||Louis J. Currat1
||1Former Executive Secretary, Global Forum for Health Research, Geneva, Switzerland
||Many infectious diseases affecting the developing world are potentially treatable in the longer term. However, economic disincentives have resulted in underinvestment in medical research for new vaccines and medicines targeted at these diseases. Thus, of the more than 1200 drugs that reached the global market in the past three decades, only an estimated two to three per cent were for tropical infectious diseases that primarily affect the poor. Worse yet, three million children die each year from diseases that could have been prevented with existing vaccines (for example vaccines against hepatitis B and Haemophilus influenzae type b), underlining the huge economic, social and cultural obstacles existing between the availability of products and their accessibility by poor populations. The main reasons for this situation are that, on the one hand, high costs and inadequate commercial returns have resulted in the withdrawal of the private commercial sector from investments in tropical disease research and commercialization of health products for the poor populations of developing countries. On the other hand, the public sector has concentrated its financing on basic health research and generally lacks the expertise, mechanisms and resources to discover, develop, register and commercialize new products. In other words, there is a disconnection (or several) in the pipeline for producing, developing, and delivering health products to the poor between the public and private commercial sectors and these disconnections may be different for different diseases.
||How to reconnect and/or reinforce this pipeline? The solution has to come from joint undertakings of the public and private sectors. In many cases, the initiative to launch a public/private partnership is likely to come from the public sector, as the sector is ultimately responsible for ensuring that the poor have access to health products. It may also come from civil society organizations, pursuing a global health objective with private resources. Examples also exist where the initiative was taken by the private commercial sector.

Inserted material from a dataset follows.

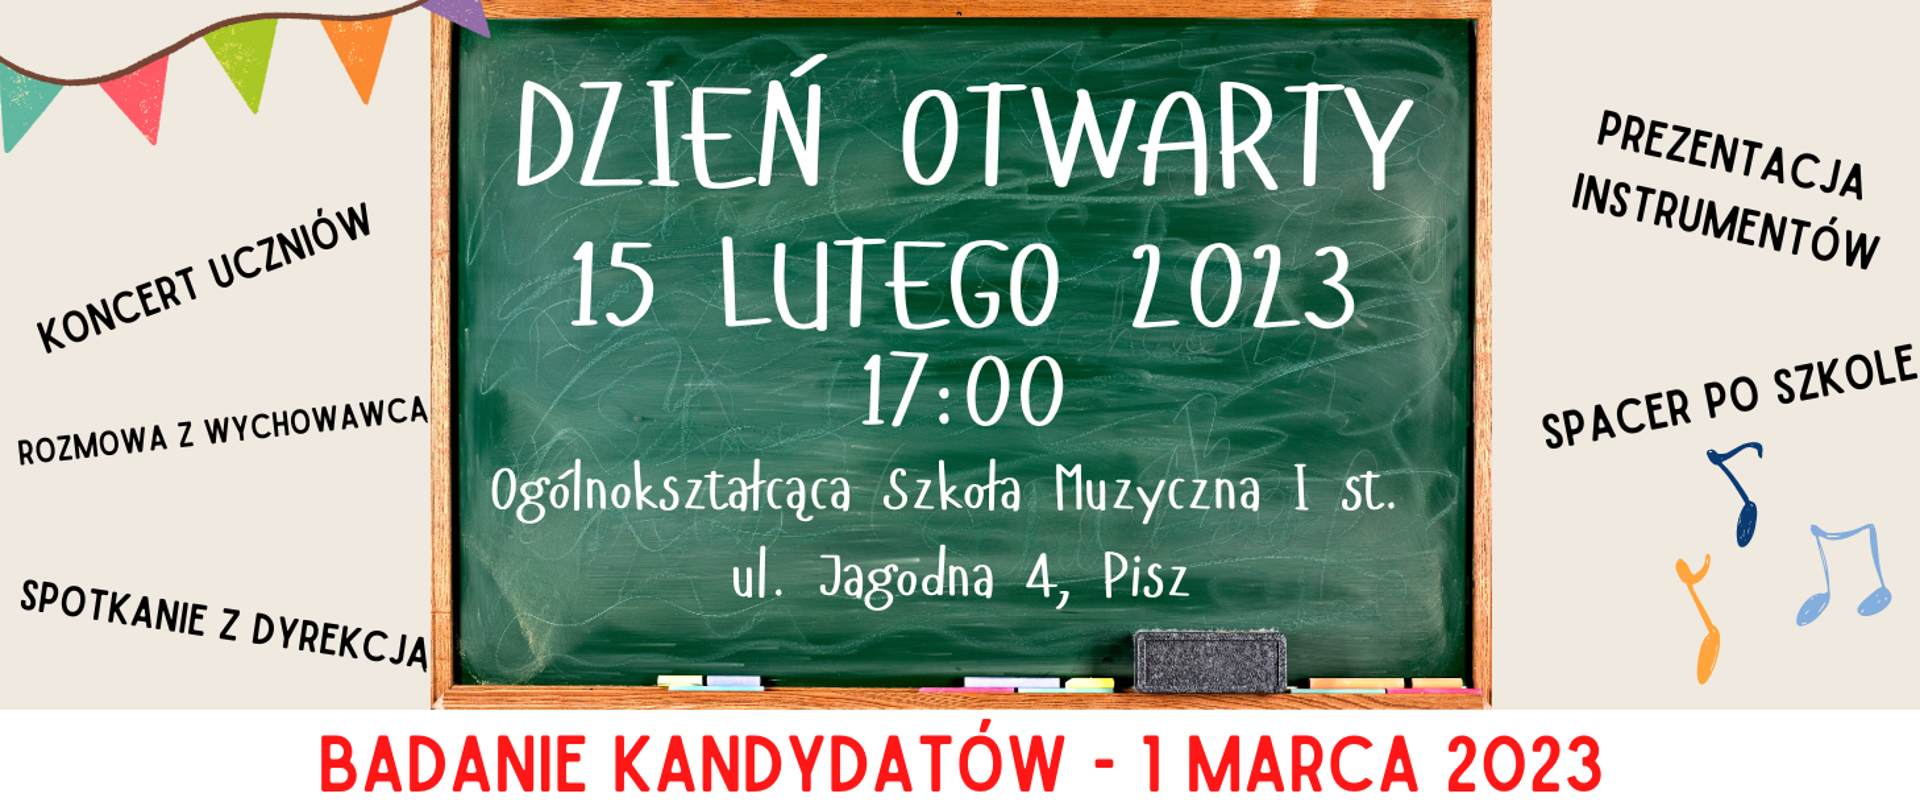 Plakat, na środku tablica szkolna z informacją o Dniu otwartym, który ma miejsce 15 lutego 2023r. o godz. 17.00

|Conclusion (max 400 words):
||When are PPPs needed? In short, one could say that the larger the disconnection in the product discovery/delivery pipeline between the public sector and the private commercial sector, the higher the rationale for launching a PPP. Are PPPs the only strategy to reconnect and reinforce the discovery/delivery pipeline? No, the public sector may decide to use push and pull interventions to help correct the structural problem of under-investment in the diseases of developing countries. If the disconnection is particularly large, it may choose to use push and pull interventions together with support to specific PPPs in order to speed up the impact on the health of poor populations. Do PPPs always work and are they always cost effective? With good management, the benefit/cost ratio of PPPs may be very high, i.e. the benefits of joint action may be much larger than what each institution could obtain separately for the same amount of time and resources invested. In cases where the overall estimated benefits become limited, while the costs remain high, it is justified to stop the investment in the partnership. To illustrate these points, the presentation will draw upon a few examples of actual PPPs.